I just recently, within the last couple of months, learned about cptsd.  And it's only been about 4 years since I've learned about the concept of emotional abuse itself.  Believe it or not I really didn't even know what emotional abuse was.  I always had this idea in the back of my mind that my emotions were meaningless and it didn't really matter if they were being trampled on by my mother or different family members.  After all, sticks and stones may break my bones but words can never hurt me.  Well, it turns out emotional abuse can be even more hurtful, painful, and damaging then even physical abuse. 

When it came to my mother, who definitely fits the definition and characteristics of someone with a personality disorder, although I can't tell if it's BPD or NPD exactly, she didn't hit me very often and we had food on the table and a roof over our heads so I thought everything was fine.  But looking back, and especially after I learned about emotional abuse, I realized just how extremely abusive my mother actually was. 

Out of the fog helped me to understand these behavior patterns in people, as well as to be able to verbalize exactly what was going on with my experience with my mother with all the terms on the site.  As a child I would be brought to therapists and I knew something was wrong with my mother but had no idea how to verbalize it.  Now I do, and I'm so thankful to learn that I'm not crazy.

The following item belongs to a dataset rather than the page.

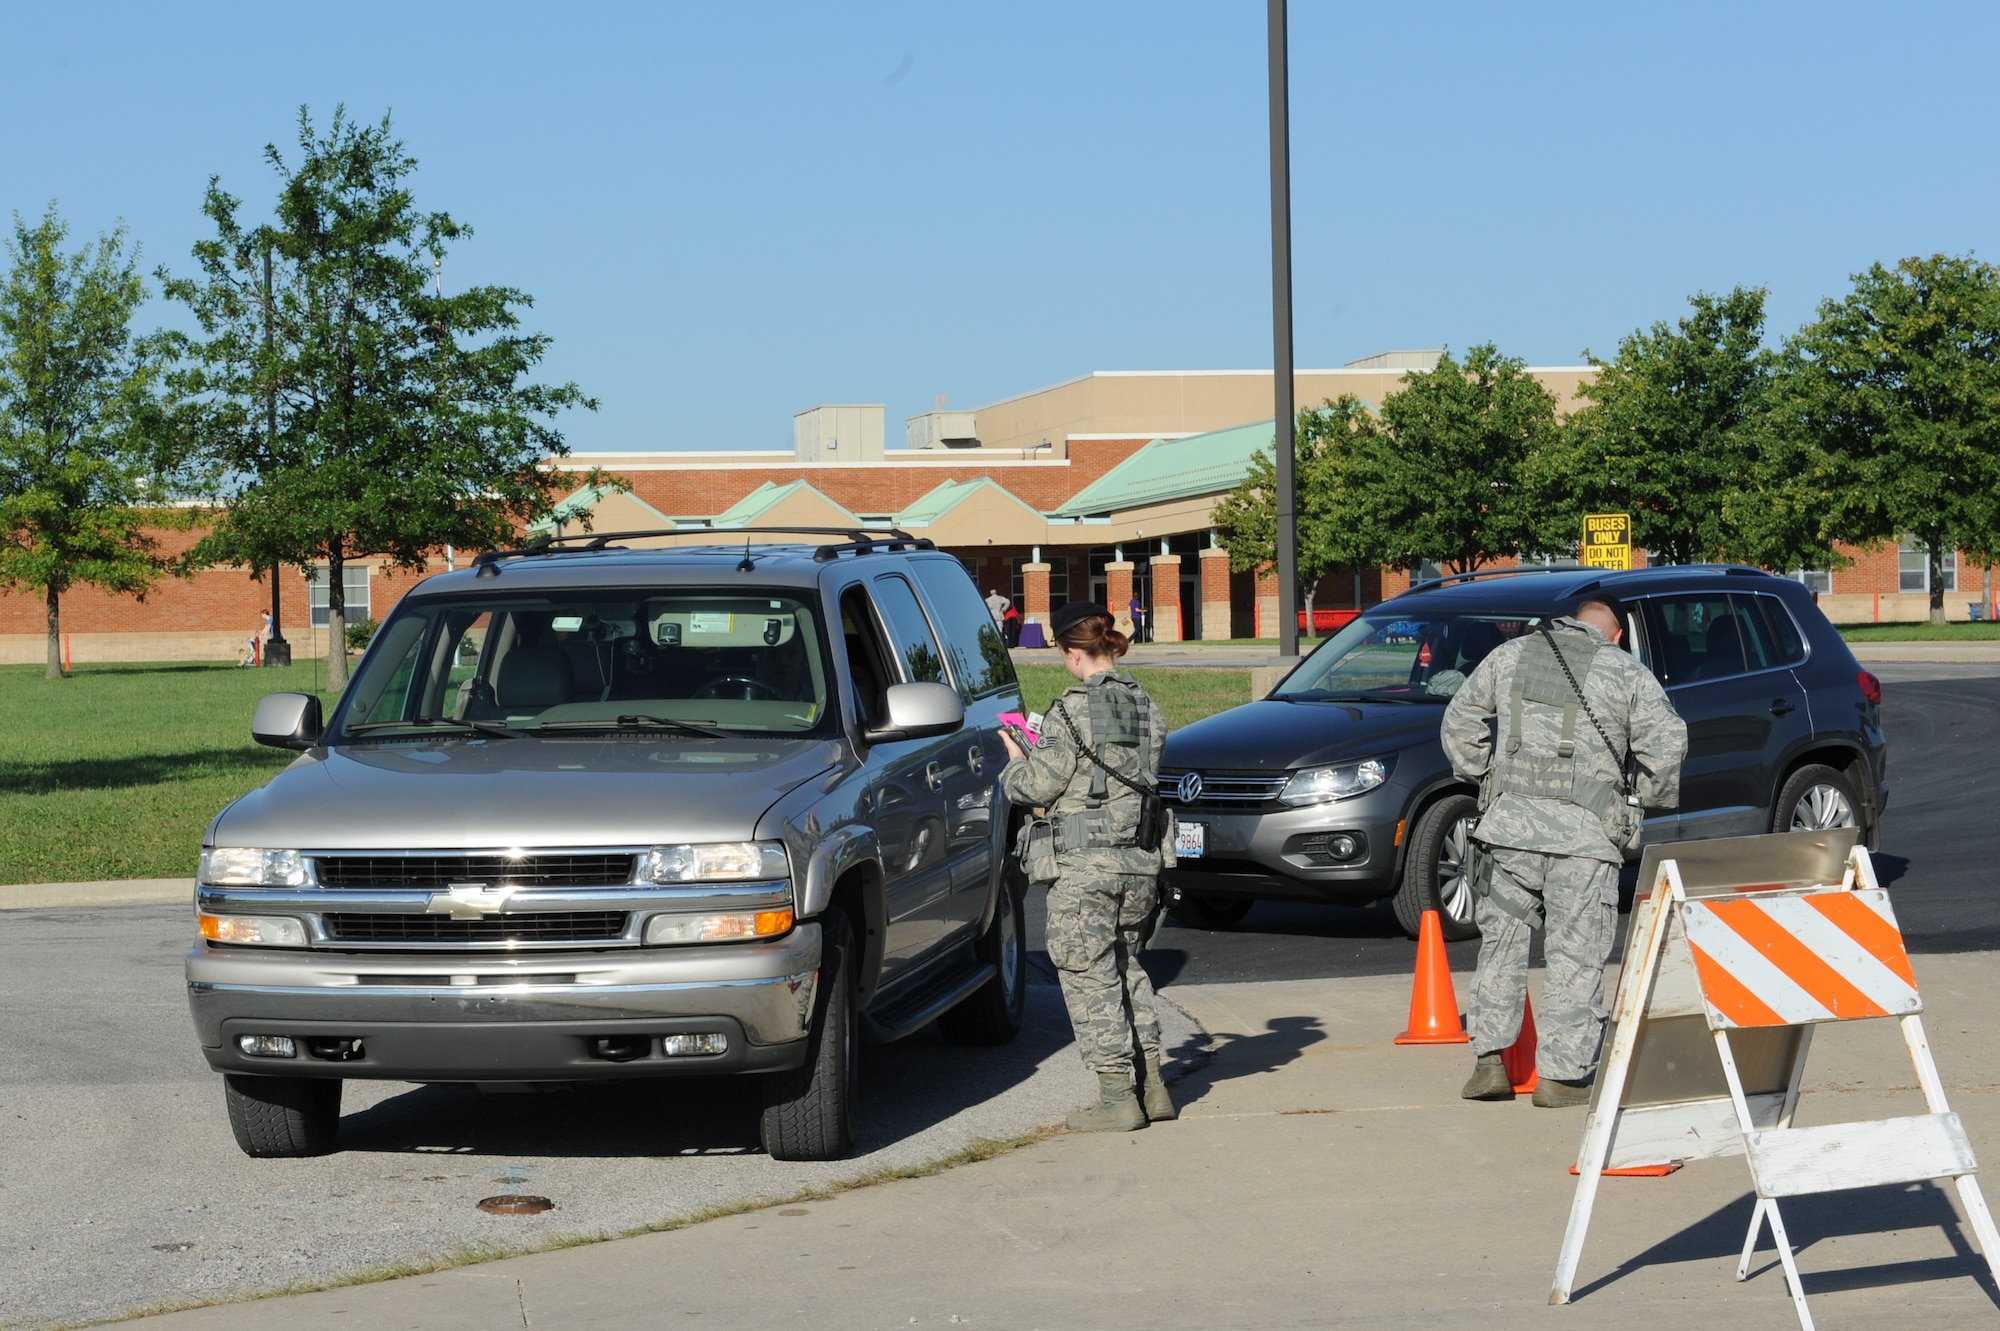 Members of the 375th Security Forces Squadron check driver’s identification as they exit Scott Elementary School and enter Scott Air Force Base, Ill. Drivers crossing from the elementary school to the base need to have their government ID card and a pink card from the school, giving them authorization to enter the base. (U.S. Air Force photo by Senior Airman Sarah Hall-Kirchner/Released)

But essentially my mother was a type A, high strung person, officially diagnosed bipolar with adhd.  My experiences with her, however, fit far more in line with personality disorders.  She was constantly catastrophizing everything and treating me like I was some kind of criminal (I was a quiet and withdrawn kid who got good grades in school and pretty much holed myself up in my room to get away from the chaos in the house), and that I was constantly under some kind of interrogation.

It honestly felt like my mother just hated me.  I always had people around me telling me how much my mother loved me, but it always confused me because I constantly felt hated, despised, and like some kind of burden.  She would flip out randomly and attack me verbally and emotionally, starting fights (baiting) to try to get me to react and then if I did to try to get her away from me, she'd take me yelling back or becoming angry and withdrawn and go around telling other family members and friends how I was.  This served to really alienate me from anyone else who might have otherwise been sympathetic to me and my situation. 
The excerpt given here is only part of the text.